# Ariens, Toro or Cub Cadet?



## ken123 (Nov 5, 2012)

I am looking at 3 snowblowers in the $900-1000 range, and was looking for some recommendations as to which one would be the best choice.

Ariens 28" Deluxe # 921022

Toro 26" Power Max 726OE #38614

Cub Cadet 26" 500 Series # 526SWE


If there is something better in this price range, I am open to suggestions.

Thanks!


----------



## bwdbrn1 (Nov 24, 2010)

Hi Ken123, welcome to the forum. I'm sure each of those have their good features, and some not so good. It's a matter of personal preference for such things as "power steering", electric start, how the chute is controlled. Some look for something that their spouse would be comfortable with using if the hubby is away when it snows.

I always recommend folks head to a dealer to buy their machines from. The main reason being the support you would get from an established dealer that services what they sell as opposed to big box stores that sell, but don't necessarily know that much about what it is they are selling, let alone work on them later, or if there is a problem. Dealerships are more apt to direct you in the direction of a model that might be best for your personal application, and might just let you take one for a "test drive" so you can get some hands on with it before you buy.

I now that doesn't answer your question about those three you listed, but I hope it helps.


----------



## detdrbuzzard (Jan 20, 2012)

hello ken, welcome to SBF. sorry i can help with your decission. i guess toro will always be #1 on my shopping list followed by ariens. i also don't see any new snowblower that i thinks is worth the price of admission with all the snowblowers listed on cl


----------



## Shryp (Jan 1, 2011)

Cub Cadet snowblowers have been made by MTD for quite some time so I would probably rule those out. If you insist on the Cub Cadet, you could probably shop around for the same blower in a different color by looking at the MTD/Yard Man/Huskee/Craftsman/Troy Bilt variations.
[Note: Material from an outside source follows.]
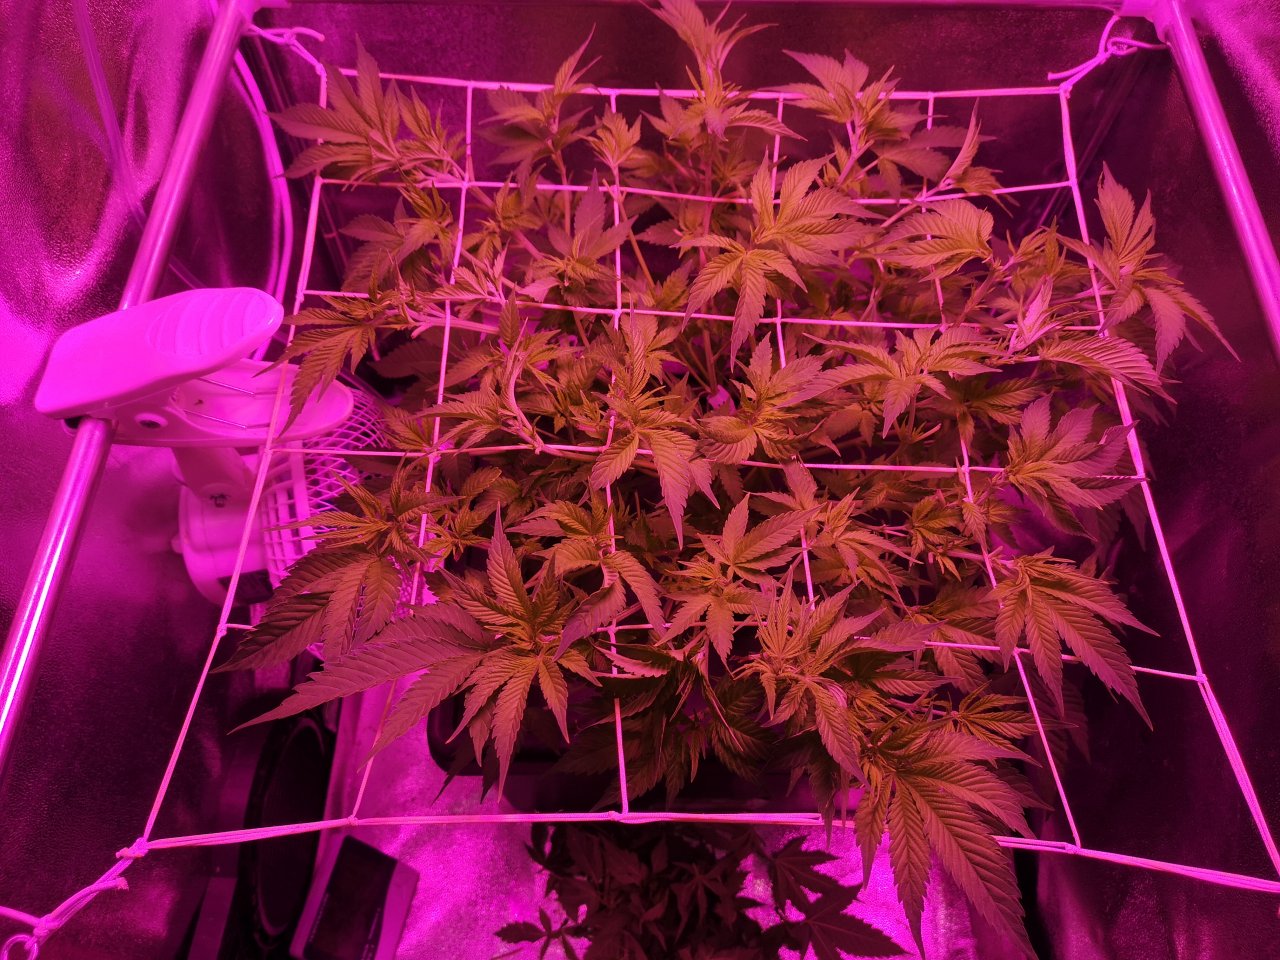 Jack Herer - w10d2 - helped her see the light
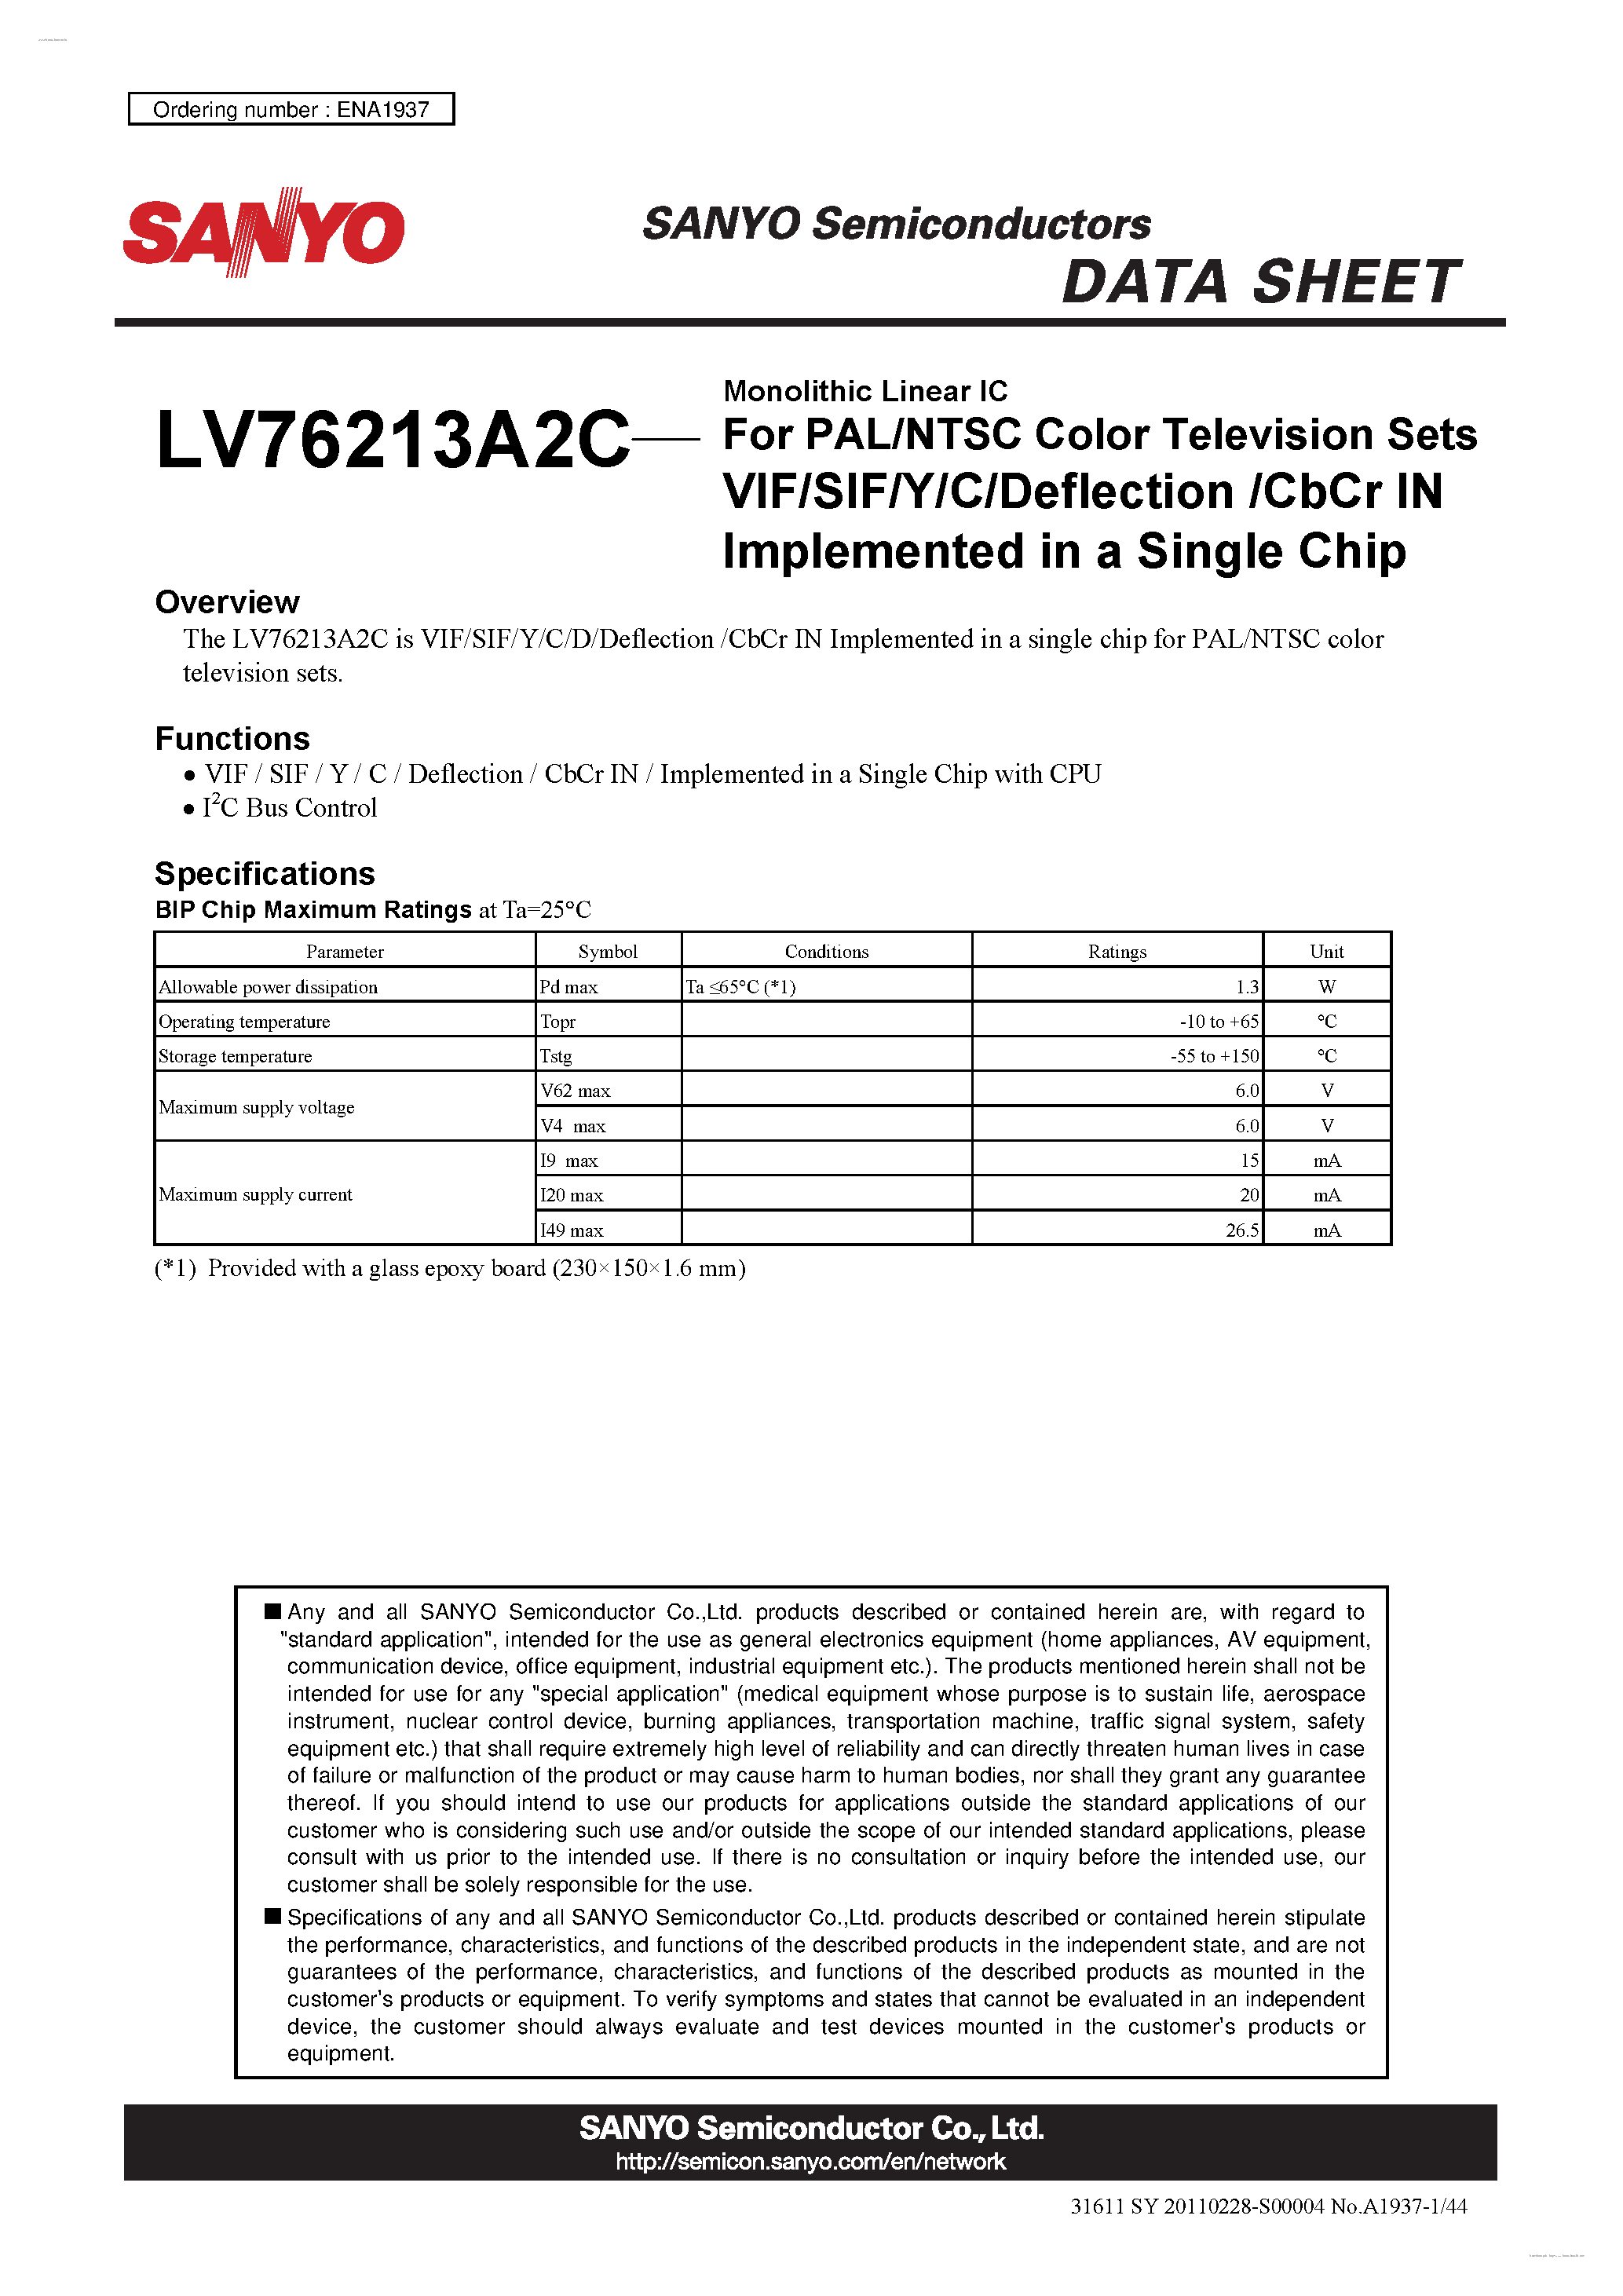 Datasheet LV76213A2C - VIF/SIF/Y/C/Deflection /CbCr IN Implemented in a Single Chip page 1

Ariens and Toro both get very good reviews and carry high opinions on various snowblower forums.


----------



## ken123 (Nov 5, 2012)

Shryp said:


> Cub Cadet snowblowers have been made by MTD for quite some time so I would probably rule those out. If you insist on the Cub Cadet, you could probably shop around for the same blower in a different color by looking at the MTD/Yard Man/Huskee/Craftsman/Troy Bilt variations.
> 
> Ariens and Toro both get very good reviews and carry high opinions on various snowblower forums.


I didn't know that about Cub Cadet. Thanks for the info. Choice narrowed to two.


----------